Registering a new account is a critical step in committing fraud as it lays the groundwork for future thefts. Fraudsters will do this well in advance as they know companies often have curation rules that require an account to season over time before major purchases and transfers will be allowed.

It’s also a trend that Arkose labs has recently noticed in the traffic it monitors. “Fraudsters are beginning to make attacks in preparation for the holiday,” noted Pandey.

The size and scope of data breaches continues to expand to a wide array of companies with no signs of slowing down. According to a press release from Purdue University’s Global IT group six of the top nine breaches have occurred in the last three years. The scope of these breaches often goes beyond just simple usernames and passwords. In the case of the Starwood breach, which was uncovered when it merged with Marriott, it included credit cards, rewards accounts, names, addresses, and even passports.

The Equifax breach released a staggering amount of information on consumers in the U.S., Canada and the UK. It’s impact on Equifax was equally staggering. The Federal Trade Commission reached a settlement with Equifax that includes $425 million to help affected consumers. It provides affected consumers with 10 years of free credit monitoring and up to $20,000 in cash payments to cover losses and expenses. Starting in 2020 all U.S. consumers are eligible to receive six free credit reports from Equifax per year for the next seven years.

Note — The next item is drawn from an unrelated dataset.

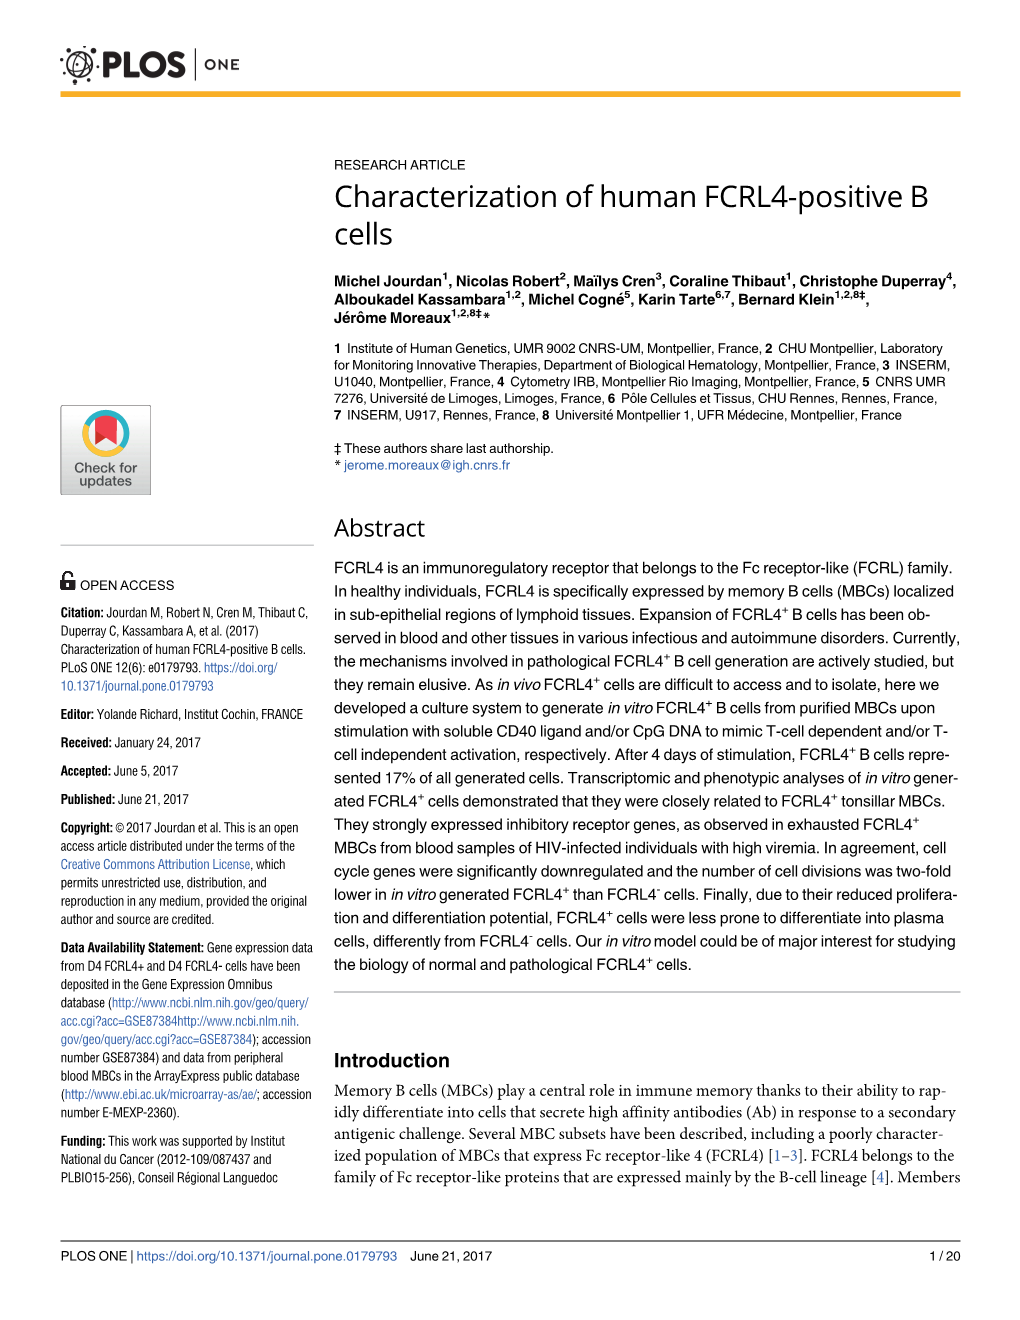 Characterization of Human FCRL4-Positive B Cells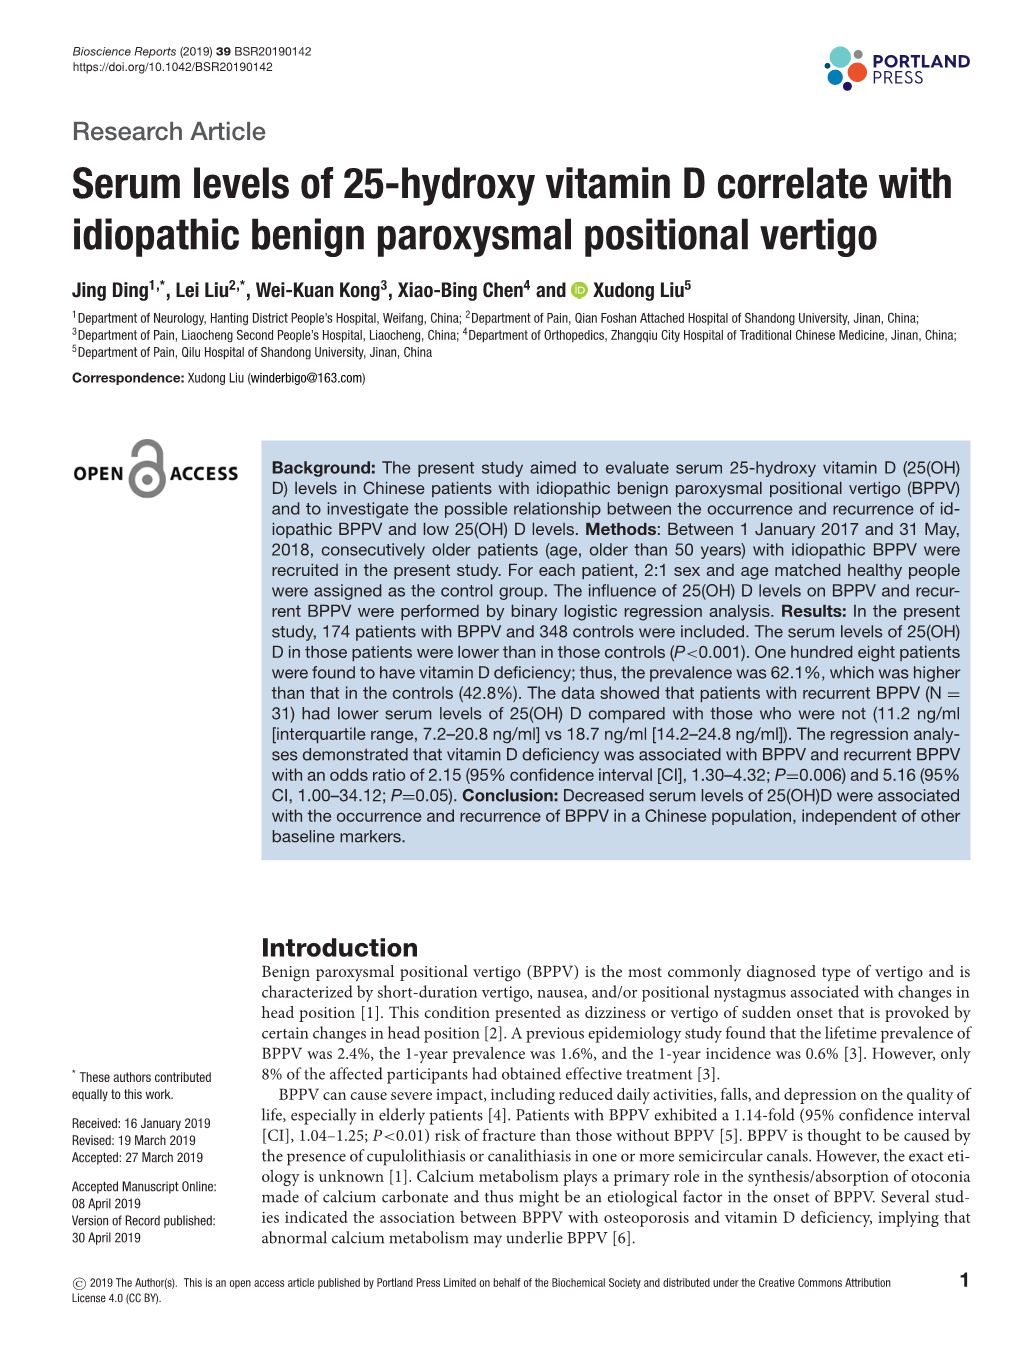 Serum Levels of 25-Hydroxy Vitamin D Correlate with Idiopathic Benign Paroxysmal Positional Vertigo

While human fraud attacks are more costly and often require the use of digital fraud sweatshops as far away as Venezuela, India, and the Philippines they are sometimes necessary in order to make a big score. Based on data from Arkose, technology and even finance industries tend to have a greater level of human-driven fraud attacks than gaming and other industries.

Arkose labs reported the higher the potential profit in a fraud attack, the more likely fraudsters will put in manual effort. In other words, the fraudsters will “spend money to take money” if they think the theft will be bigger. Many times fraudsters will use automated attacks as a precursor to a human-driven attack as bots can test the fortress walls companies put up to keep cyber thieves out.

“The gaming industry is experiencing a significant amount of automated attacks, particularly for account registrations. These companies are the gas stations of the internet. Testing free accounts and doing $1 authorizations to see if a stolen card bought on the dark web is still live,” said Pandey.

Bots generate a significant amount of website traffic, yet not all are created equally. Some bots are actually good, helping businesses better serve their customers. For example, in the airline industry there is an ecosystem of online travel agents, aggregators, and competitors that use bots to scrape content, including flight information, pricing, and seat availability, so consumers seeking to book travel can do so with the latest information available.

Based on data from a press release for Distil Network’s 2019 Bad Bot Report, Bad bots, on the other hand, are widely used by companies and criminals for various activities ranging from borderline unethical to illegal. Some of the leading types of bad bot activities include price scraping, content scraping, denial of service, denial of inventory, account creation, account takeover and credit card fraud.

An example of how bad bot can affect an industry is the denial of inventory bot which is targeted at airlines and the live events business. In this case a bad bot will choose an airline flight and select a seat, holding it in a shopping cart as long as possible to deny the seat to real customers. The same thing happens when bad bots deployed by scalpers will attempt to hold concert tickets in virtual shopping carts to reduce available inventory and drive up prices. While the airlines and live event industries deploy timers to limit how long an individual can sit on a shopping cart without buying, an automated bot or bots can do this act repeatedly and indefinitely.